Accuracy of own approach on 50 randomly chosen words:  94.0


# Testing our approach on entire test set

**Obtaining tagless words for experimentation**

In [15]:
test_untagged = []
for i in range(len(test_set)):
  test_untagged.append(test_set[i][0])

**Obtaining tags for untagged test set in the batches of 2000**
Here, experimentation was done with different batch sizes and following results were obtained.
*   Batch size 500 - 87.49
*   Batch size 2000 - 87.87
*   Batch size 5000 - 88.03



In [27]:
size = 2000
start = 0
end = min(size,len(test_untagged) - start)
accuracy = []
for k in range(len(test_untagged)//size + 1):
  res = []
  pred_set = viterbi(test_untagged[start:end], unique_tags, train_set)
  for i, j in zip(pred_set, test_set[start:end]):
    if i == j: res.append(i) 
  accuracy.append((len(res)/len(pred_set))*100)
  start = start + size
  end = start + min(size,len(test_untagged) - start)
  print("Accuracy for batch no.", k+1, ":", round(accuracy[k],2))
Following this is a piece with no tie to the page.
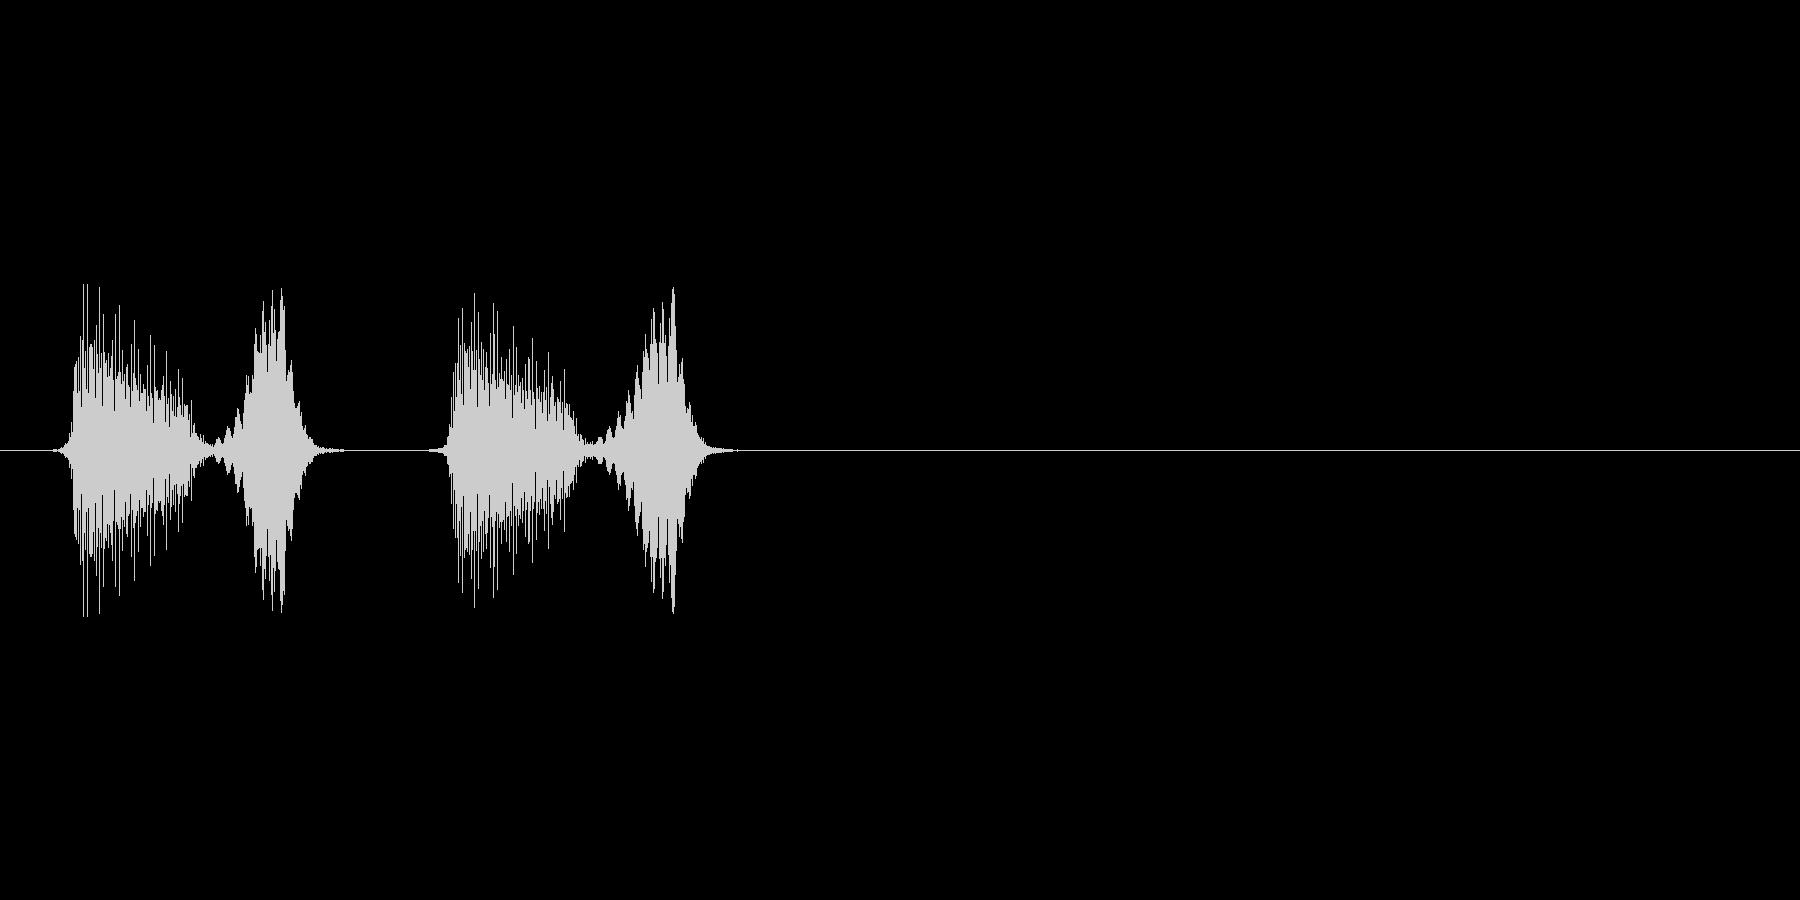 パフパフラッパ4二発 パフパフッの未再生の波形

Accuracy for batch no. 1 : 87.75
Accuracy for batch no. 2 : 87.25
Accuracy for batch no. 3 : 87.2
Accuracy for batch no. 4 : 87.8
Accuracy for batch no. 5 : 87.3
Accuracy for batch no. 6 : 88.1
Accuracy for batch no. 7 : 86.85
Accuracy for batch no. 8 : 88.15
Accuracy for batch no. 9 : 89.65
Accuracy for batch no. 10 : 87.35
Accuracy for batch no. 11 : 89.19


**Obtaining average accuracy of all batches**

In [28]:
print('Accuracy using own HMM trainer: ',round(statistics.mean(accuracy),2))

Accuracy using own HMM trainer:  87.87


# Performing HMM on test set using NLTK pre-existing model

In [23]:
from nltk.tag import hmm

tagger = nltk.HiddenMarkovModelTagger.train([train_set])
tagger.tag(test_untagged)
print("Accuracy using NLTK HMM trainer:", round(tagger.evaluate([test_set])*100,2))

Accuracy using NLTK HMM trainer: 92.05